This benefit is realized in at least two ways: it allows the
purchase of a "marginal probe" and it allows the purchase of a
performance measurement at deeply discounted rates. The cost of a
single performance measurement includes both fixed costs, such as
the cost of the client computer hardware, rack, maintenance,
insurance, and taxes, and variable costs, such as the cost of the
bandwidth required to complete a performance measurement. By
transforming existing client computers, for which the fixed costs
are paid by their owners, into "marginal probes," this invention
reduces the maximum cost of a performance measurement to its
variable cost. Moreover, many potential client computers pay a
fixed cost for bandwidth (e.g. unlimited local phone calls for a
fixed price from the local phone company and unlimited Web access
for a fixed price from the local Internet Service Provider (ISP)),
but do not use that access continuously, in effect wasting some of
the potential bandwidth they are paying for. This invention enables
the owner of a participating client computer to effectively resell
some of that wasted bandwidth and provides and incentive to do so,
even if the amount they recoup is less than the amount it costs
them. For example, if the owner of the client computer is wasting
$10 a month in bandwidth, it is to his advantage to sell that
wasted bandwidth at $5 a month if that is the highest price he can
find, simply to minimize the amount of money he is wasting.
[0079] A second benefit of this embodiment of the invention is the
ability to segregate performance measurement data according to
marketing and technical characteristics. By associating the
technical and marketing data of a particular client computer with
the result of a set of performance measurements, the present
invention associates the performance, speed, and reliability
experienced by a user with the marketing or technical
characterization of the user. For example, one can determine the
typical experience of users having common characteristics, such as
according to whether they have a 56K dial-up connection, a cable
modem, or a DSL connection. As another example, one can determine
the typical experience of users who have made an online purchase
within the past thirty days.
[0080] A third benefit of this embodiment of the invention is that
it improves the value of the performance measurement data gathered
in at least two ways: the data more accurately reflects the true
user experience and the data is less likely to be biased in favor
of better financed services promising improvements in performance,
speed, topology, and reliability. Both benefits are derived from
the increased number of participating computers facilitated by this
invention. As the number of client computers is increased, even if
the number of performance measurements per probe is decreased, the
net effect is to increase the diversity of the client computers
(from both a marketing and technical perspective) and thus increase
the degree to which the probe network is representative of the
Internet at large. Moreover, as the characteristics of a typical
user evolve (e.g. as the number of Internet users employing cable
modems increases), the network of probes enabled by this invention
evolves in tandem. Finally, by nature of the large number of probes
facilitated by this invention, it becomes almost impossible for a
performance enhancement service to "cheat" by placing accelerators
(e.g. servers that mirror or cache copies of other Web sites) near
each and every probe. Moreover, since the central server computers
can rapidly and continuously change which subset of probes are
performing a specific performance measurement, no fixed placement
of accelerators can shadow the placement of probes.

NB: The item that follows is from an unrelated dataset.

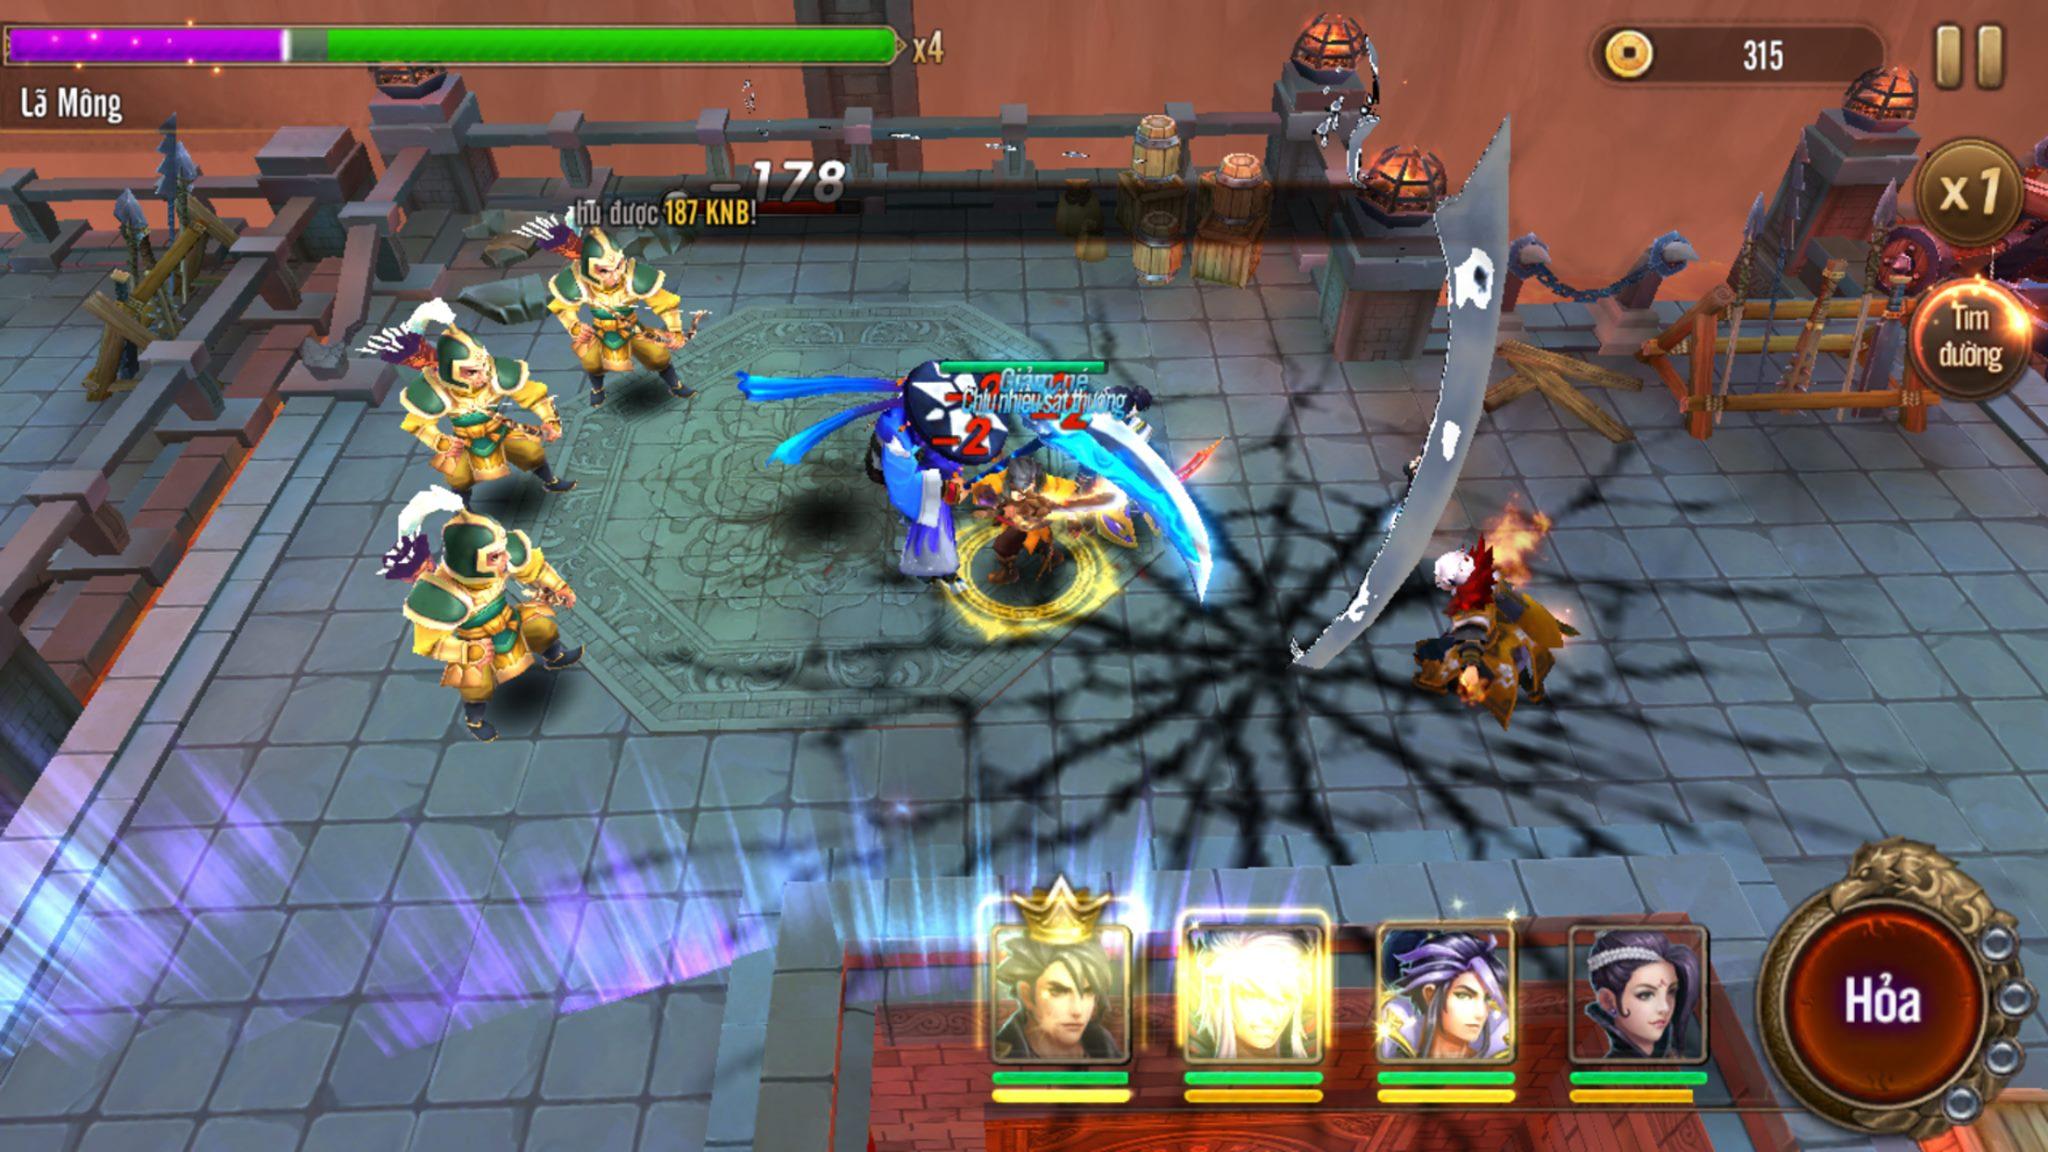 Mộng Hải Tặc Mobile game mobile siêu hot top 10 trong tháng Top-game-thang-10-5

[0081] Turning now to a second embodiment of the present invention
wherein rather than seeking voluntary client computers and loading
the probing software onto such computers, the present invention
includes the client probing software in the form of snippets of
Javascript as an additional attribute to one tag of the Web site
HTML. The differences in the second embodiment relative to the
above described first embodiment are most apparent in the first
three stages of the method illustrated in the client server
interactions shown in FIG. 1. More particularly, the client or
probing computers are now those computers that make requests of the
Web site in the normal course of internet activity and without
prompting by any communication by the central server. Further,
there is no registration of the client computers with the central
server or communication of marketing and technical data, requests
for work or packets of work prior to the client computers
communication with the Web site. Notwithstanding these differences,
each of the described embodiments of the invention have common
characteristics such as providing Web site performance information
from client computer contact with a Web site through a distributed
client computer network, communicating the results of the
performance measurements (and available marketing and technical
data pertaining to the client computer making the measurements) for
further analysis in the manner provided by the central server
computer.
[0082] In Stage 1, a computer user wishing to visit a specific Web
site types a URL into a browser. The browser then generates an HTTP
request for the URL to the corresponding Web server 58 as shown by
communication line 60 in FIG. 5. The Web page is then generated
on-the-fly or fetched from storage by the Web server and delivered
to the requesting browser by way of an HTTP response as shown by
line 62. Assuming that the URL corresponds to a Web page measured
by means of the second embodiment of the invention, the Web page
includes the client probing software in the form of a snippet of
Javascript, or other commonly employed interpreted scripting
language, and an additional attribute to one tag of the HTML. This
interpreted probing script is preferably inserted at the top of an
HTML file. As most commonly employed browsers begin executing
Javascript as soon as it is received, the Javascript is effectively
invoked immediately and runs until the Web page is entirely
retrieved. While those skilled in the art will appreciate that
other interpreting scripting languages other than Javascript may be
used with the present invention, Javascript is preferred due to its
compatibility with current browsers. (Representative code for
performing these functions and/or operations is found in the
fez_probester_example.html files included in the Computer Program
Listing Appendix submitted with this application.)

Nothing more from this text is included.